2 equations are written to express how far a car can go when driving on different roads on road 1 the car can go 60 miles in 2 hours on road 2 the car can go 90 miles in 4 hours write an equation where y is the distance in miles and x is the time in hours to represent the motion of the fastest car
Since we want to find the equation for the fastest car, we know that it reached the highest speed. To determine this, we can compare the speed of the two cars by finding their respective rates (distance/time).
For the first car on road 1, the rate is 60 miles / 2 hours = 30 miles per hour.
For the second car on road 2, the rate is 90 miles / 4 hours = 22.5 miles per hour.
Since the first car has a higher rate, it is the fastest car, and we want to represent its motion with an equation. Let's call this equation y = mx + b.
We already know that the rate (m) is 30 miles per hour. However, we need to determine the y-intercept (b) in order to complete the equation.
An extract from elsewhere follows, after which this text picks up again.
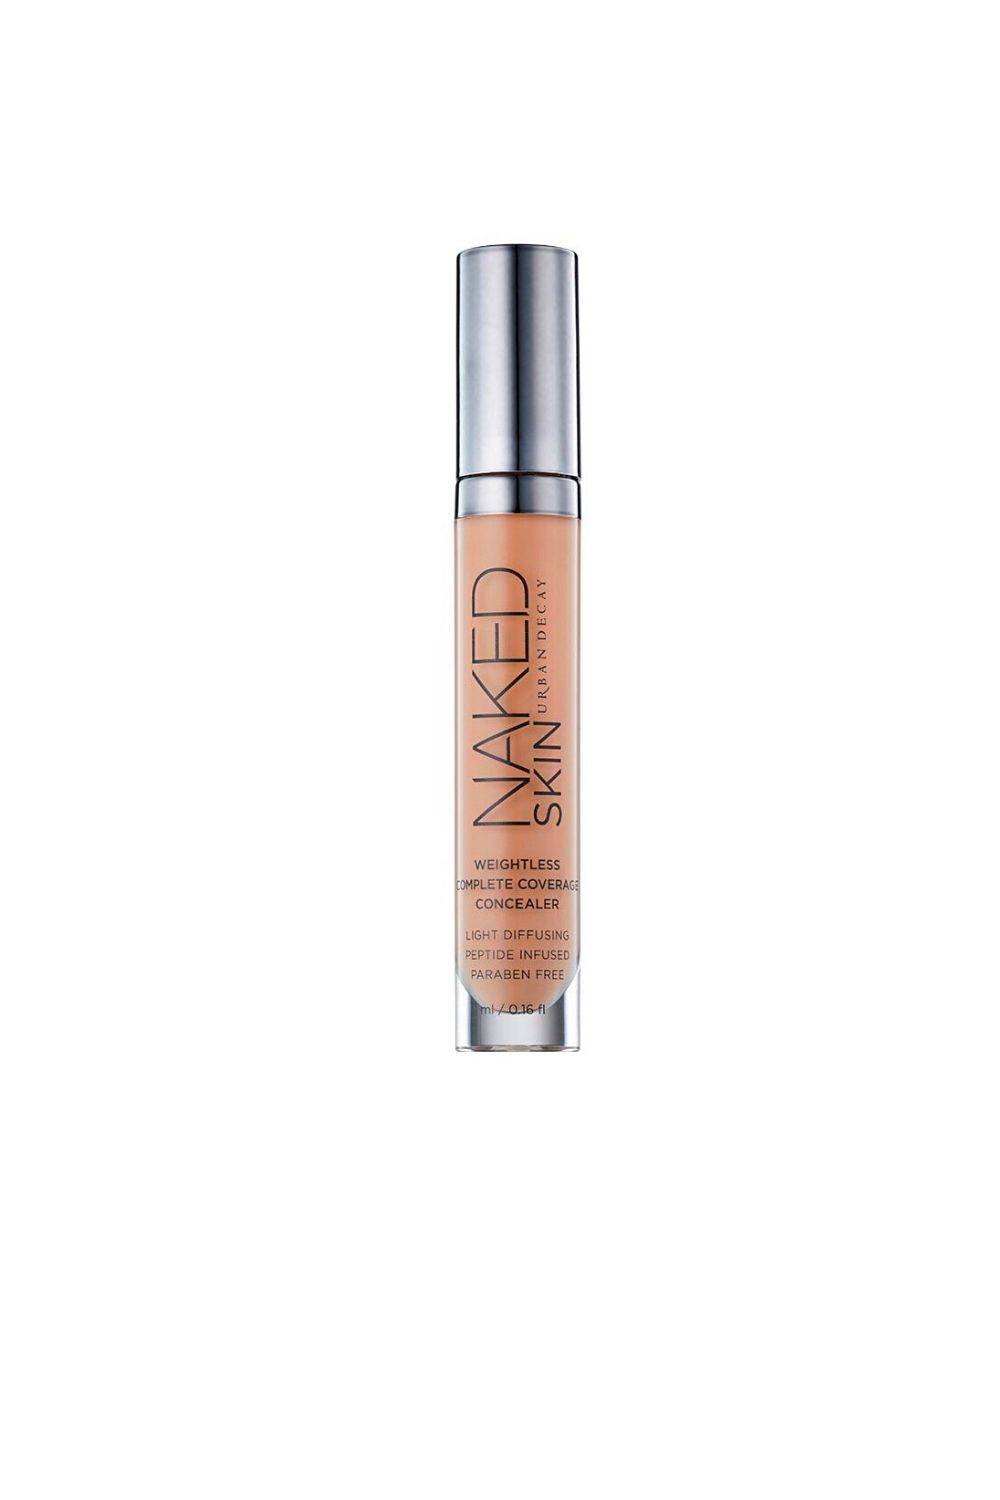 Corrector Naked Skin Weightless Complete Coverage Concealer Urban Decay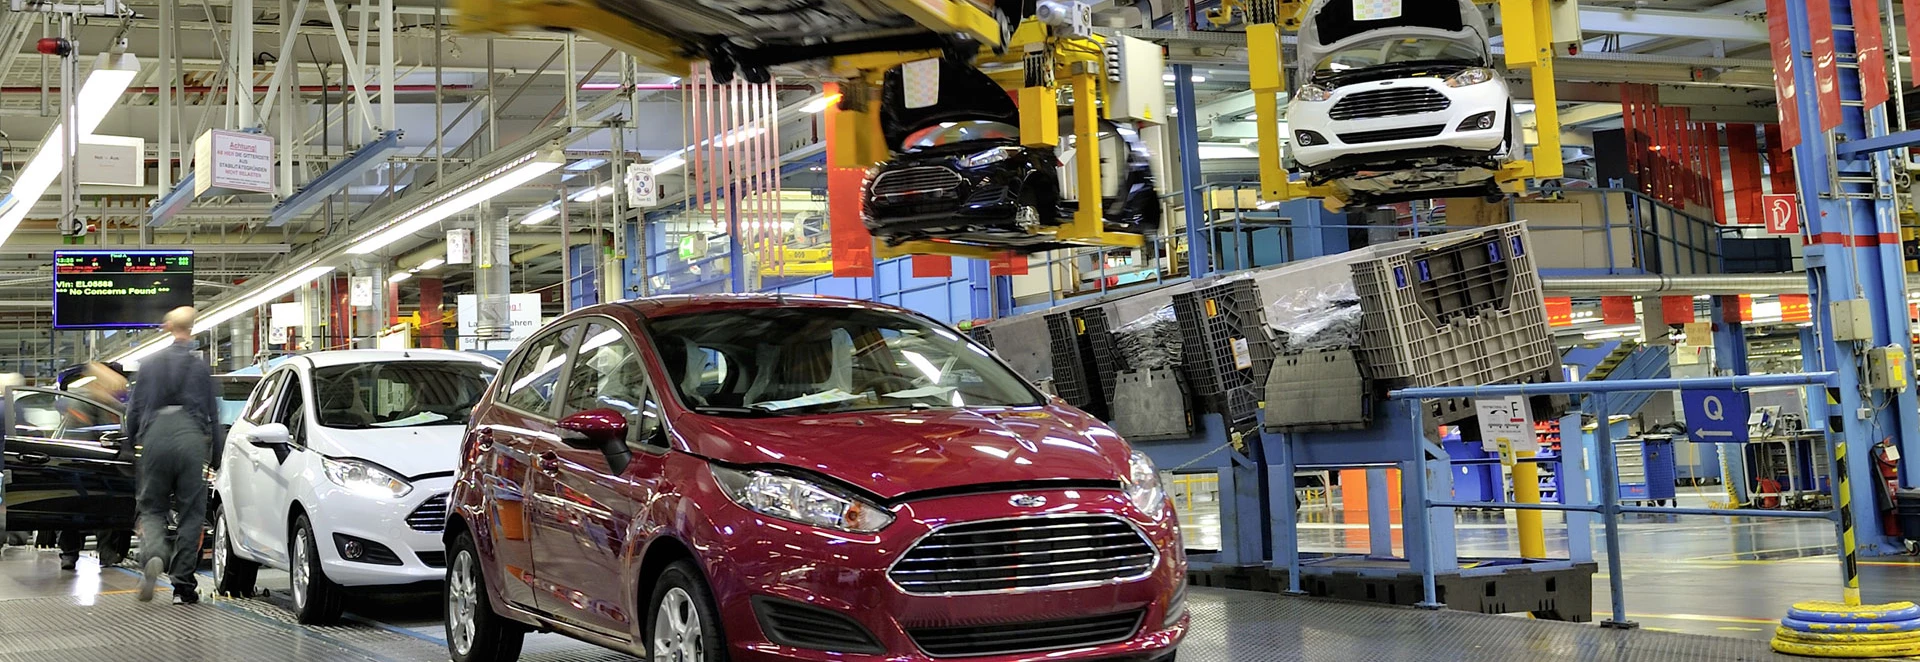 Ford Fiesta continues to lead sales as overall market figures decline

To do this, we can choose any point on the line y = mx + b that represents the motion of the fastest car. We can use the information given for the first car driving on road 1 where it can go 60 miles in 2 hours. Let's use this point (2, 60).
Substituting these values into the equation, we have:
60 = 30(2) + b
Simplifying:
60 = 60 + b
Subtracting 60 from both sides:
0 = b
Therefore, the equation for the motion of the fastest car is:
y = 30x.